Statistics review 13: Receiver operating characteristic
R code accompanying
paper
Key learning points
- Methods for assessing the performance of a diagnostic test
- Sensitivity, specificity and likelihood ratio of a test
- Receiver operating characteristic curve and the area under the curve
suppressPackageStartupMessages(library(tidyverse))

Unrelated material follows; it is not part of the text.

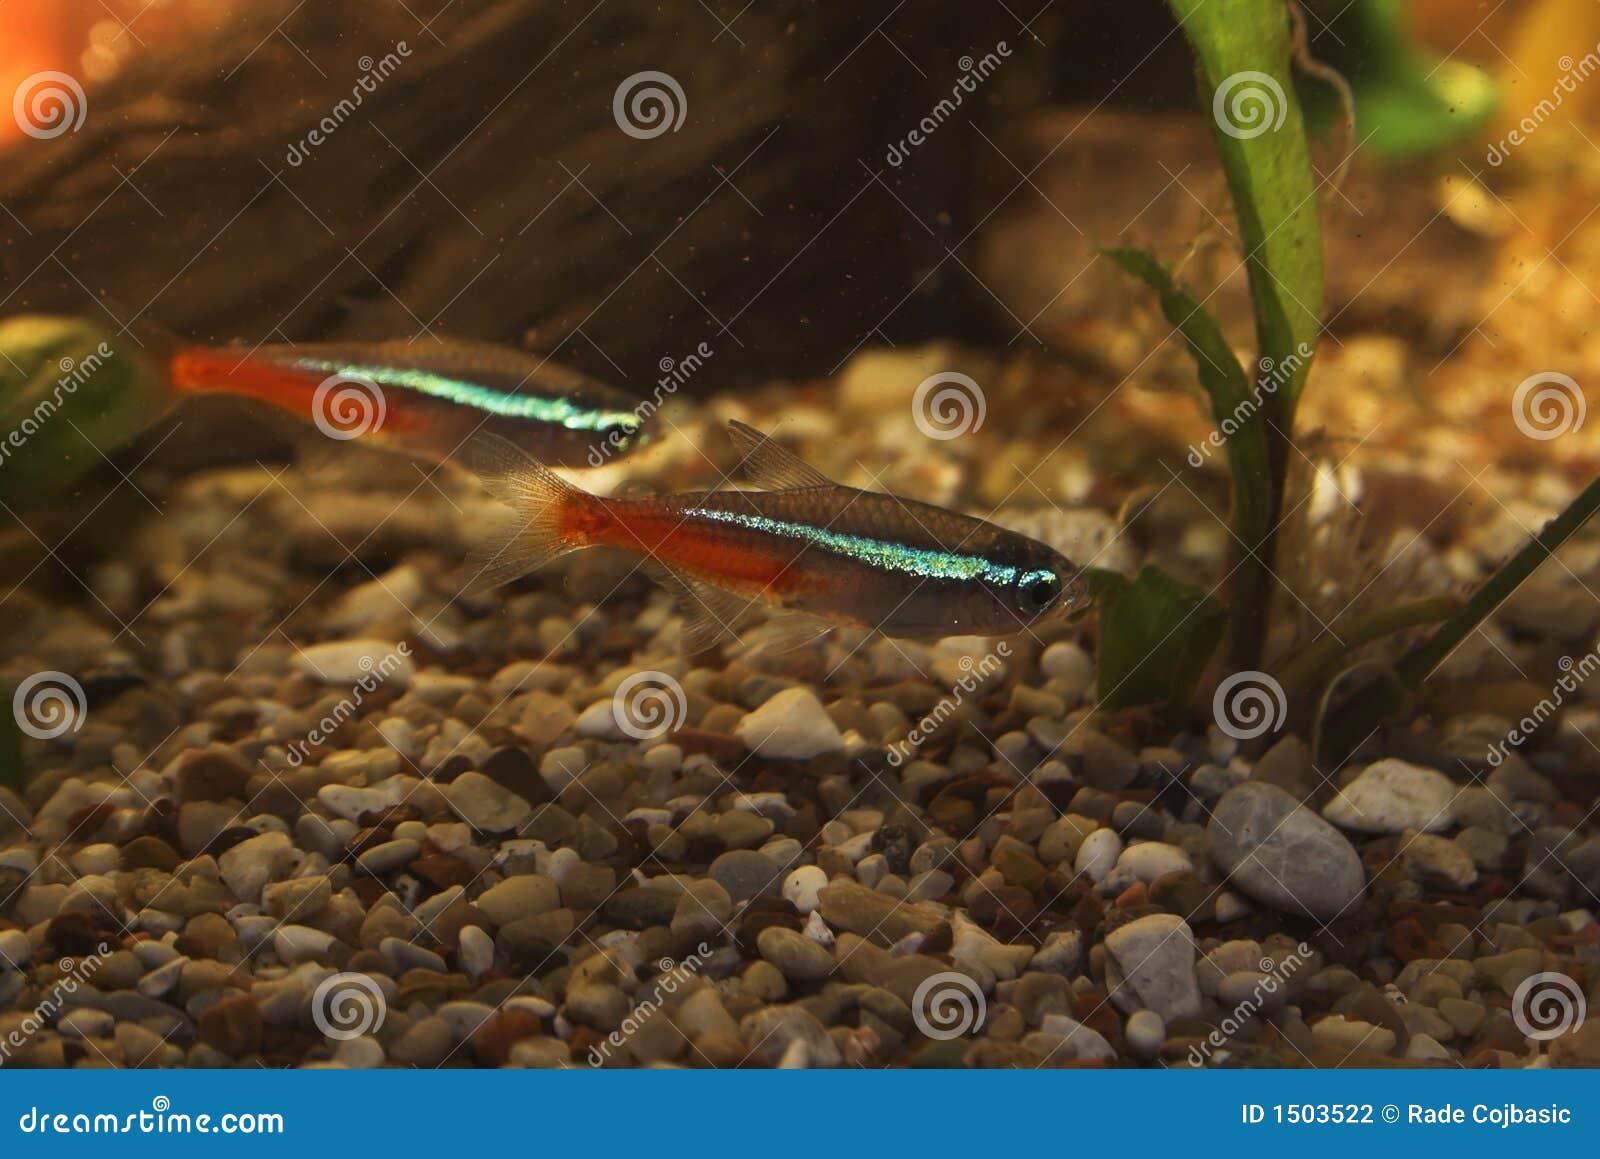 Neon Tetra In Aquarium Stock Photo Image Of Underwater 1503522

options(repr.plot.width=4, repr.plot.height=3)
Data
died <- c(81, 45)
survived <- c(591, 674)
df1 <- data.frame(died=died, survived=survived,
row.names=c("Lactate >1.5 mmol/l", "Lactate ≤1.5 mmol/l"))
df1
| died | survived |
Lactate >1.5 mmol/l | 81 | 591 |
Lactate ≤1.5 mmol/l | 45 | 674 |
Data set with different prevalence
died <- c(386, 214)
survived <- c(370, 421)
df2 <- data.frame(died=died, survived=survived,
row.names=c("Lactate >1.5 mmol/l", "Lactate ≤1.5 mmol/l"))
df2
| died | survived |
Lactate >1.5 mmol/l | 386 | 370 |
Lactate ≤1.5 mmol/l | 214 | 421 |
Sensitivity and specificity
prop.ci <- function(p, n, alpha=0.05) {
se <- sqrt(p*(1-p)/n)
k <- qnorm(1 - alpha/2)
round(c(p - k*se, p + k*se), 2)
}
sens <- function(tbl) {
a <- tbl[1,1]
b <- tbl[1,2]
c <- tbl[2,1]
d <- tbl[2,2]
n <- a + c
p <- a/n
round(p, 2)
}
0.64
p <- sens(df1)
n <- sum(df1)
prop.ci(p, n)
- 0.61
- 0.67
spec <- function(tbl) {
a <- tbl[1,1]
b <- tbl[1,2]
c <- tbl[2,1]
d <- tbl[2,2]
n <- b + d
p <- d/n
round(p, 2)
}
0.53
Positive and negative predictive values
ppv <- function(tbl) {
a <- tbl[1,1]
b <- tbl[1,2]
c <- tbl[2,1]
d <- tbl[2,2]
n <- a + b
p <- a/n
round(p, 2)
}
0.12
npv <- function(tbl, alpha=0.05) {
a <- tbl[1,1]
b <- tbl[1,2]
c <- tbl[2,1]
d <- tbl[2,2]
n <- c + d
p <- d/n
round(p, 2)
}
0.94
Effect of prevalence
c(sens(df1)[1], sens(df2)[1])
- 0.64
- 0.64
c(spec(df1)[1], spec(df2)[1])
- 0.53
- 0.53
c(ppv(df1)[1], ppv(df2)[1])
- 0.12
- 0.51
c(npv(df1)[1], npv(df2)[1])
- 0.94
- 0.66
Likelihood ratios
lr <- function(tbl) {
round(sens(tbl)[1]/(1 - spec(tbl)[1]), 2)
}
1.36
Receiver operating characteristic curve (ROC)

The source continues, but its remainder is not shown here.